Walking the Biosimilar Guideline

Biosimilars have been available in Europe for more than a decade and during this time the European Medicines Agency’s (EMA’s) original 2005 biosimilars guidelines have been regularly updated. Although many papers have been published describing how the regulations have changed over time, few have focused on how these regulations are applied in practice. For example, do all successful applications follow the guidelines exactly or are there instances where regulators are more flexible?

Bernd Jilma, Professor of Clinical Pharmacology, and his colleagues at the Medical University of Vienna, carried out a systematic comparison of all clinical development programs that were approved by the EMA (1). The research was part of an IDEAS project – a European training network for early-stage researchers working on statistical methods for early drug development – and funded by the European Union’s Horizon 2020 research and innovation program under the Marie Sklodowska-Curie grant agreement. The researchers found that companies go about demonstrating biosimilarity in many different ways, with some even deviating from the guidelines but still receiving approval. We asked Jilma to tell us more.

What were the main findings of your study?

We found that there is a large variability between the clinical development programs submitted to the EMA for getting biosimilar approval. Clearly, there will always be variability in applications because of the differences in the characteristics of the reference product. However, even for biosimilars with the same reference product, the development strategies could not always be considered comparable; for example, some companies conducted more studies that focused on whether the pharmacokinetics were comparable to the reference product, whereas others put a greater emphasis on clinical trials in patients with the target disease. Our study shows that the details of the development programs are negotiable with the EMA and there are many ways in which companies can show biosimilarity.

Do some applications deviate from the guidelines?

There seem to be some negotiations between companies and health authorities on this matter; for example, by seeking Scientific Advice from EMA when planning a biosimilar drug development program. Our study relied on publicly available information, we have no insights into these. Sometimes, the relevant product-specific guidelines may not have been available at the time the study was planned. In addition, the overarching guideline only gives general advice for biosimilars to all biologics, which might not be applicable to all active substances due to the great diversity between biologics. For example, guidelines ask applicants to add pharmacodynamic markers to the pharmacokinetic studies, but this was not done in three applications we studied. Perhaps the reason for this is that there was no established pharmacodynamic marker.

Where there was no pharmacodynamic assessment, the companies conducted large Phase III trials – and this seemed to compensate for the lack of pharmacodynamic comparison. A very interesting aspect is that some products were approved even though not all primary pharmacokinetic/ pharmacodynamic endpoints met the equivalence margins. In these cases, the sponsor provided additional studies, explanations or modeling results that were convincing enough to make the development program successful. It is important to keep in mind that biosimilars are still fairly new drugs and the process might become more standardized and regulated within the next few years as the industry gains more experience.

Although deviations from the guidelines seem to be possible if justified, not all applications for biosimilars were successful, which shows that companies have to provide convincing evidence to receive approval. We definitely don’t recommend companies to embark on developmental programs that contradict guidelines without seeking scientific advice from the regulators.

Do you have any recommendations for the regulators, based on your findings?

The European public assessment reports (EPAR) for human medicines published by the EMA are a great source for gaining insight into the most important factors in the scientific assessment of a new drug. However, to better inform the public, a more standardized format for the scientific discussion section of the EPAR would be desirable. Due to the recent data transparency initiative of the EMA we assume that in the (near) future, even more information will become publically available.

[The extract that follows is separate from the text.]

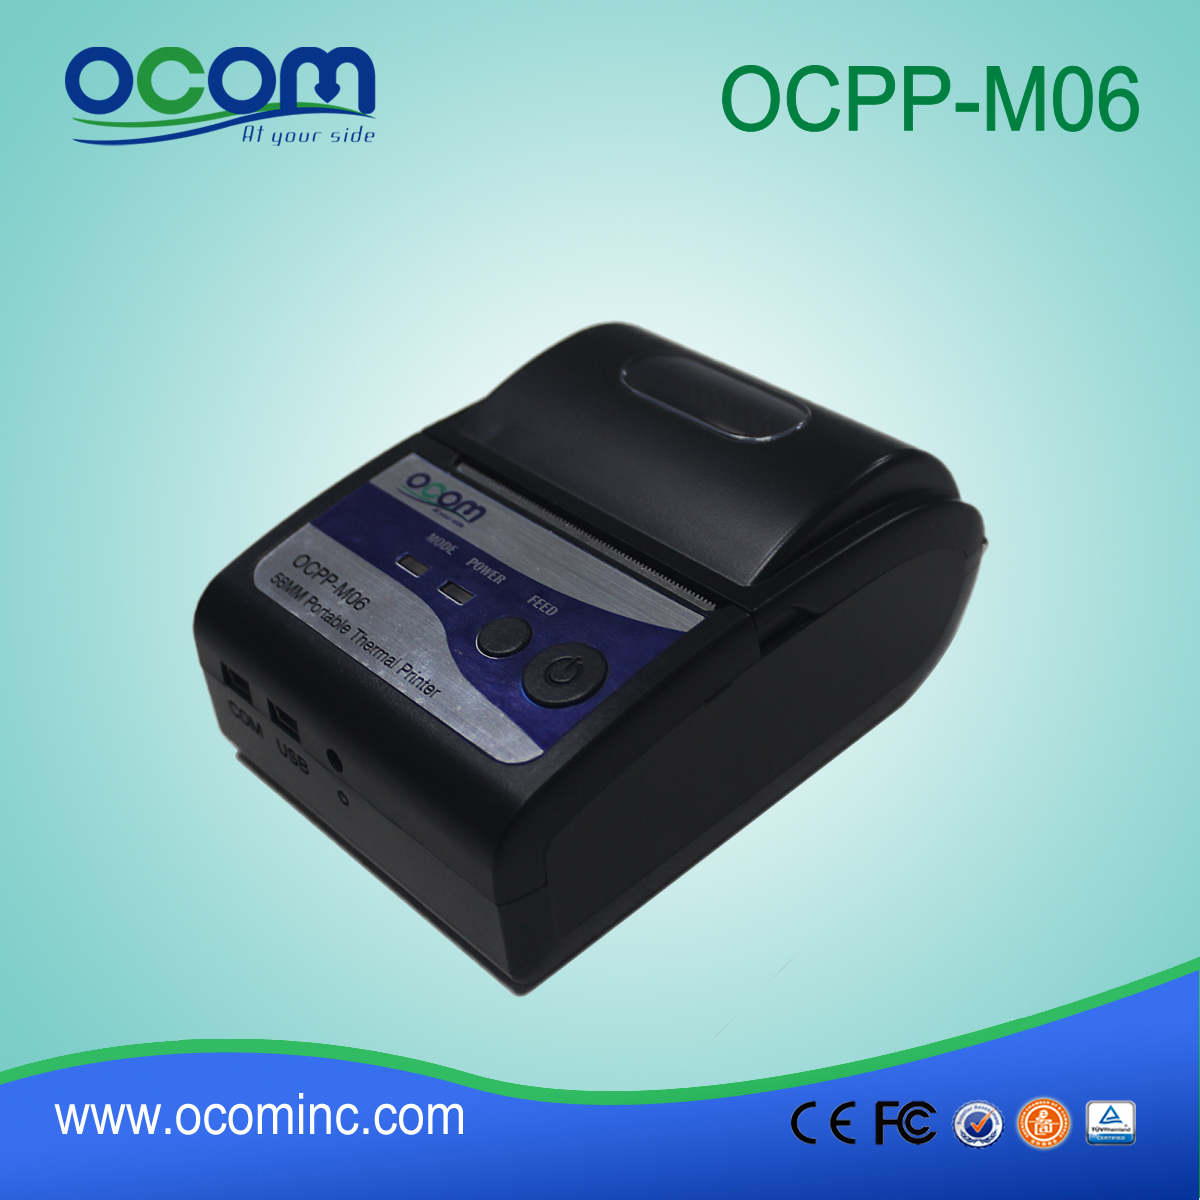 OCPP-M06：中国工厂生产的12V热敏打印机

In order to link the results reported in the EPARs to other sources more easily, it would be valuable to also report the registration number in relevant clinical trial registries (such as the EudraCT number) by default for all trials referred to in an EPAR. Furthermore, to understand the rationale of the design, it would be valuable if the underlying assumptions for the sample size calculations would be made publically available in the future – an important example is the choice of equivalence margins in Phase III trials for biosimilars. These margins are crucial for trial success so it would be beneficial to understand the reasons for them.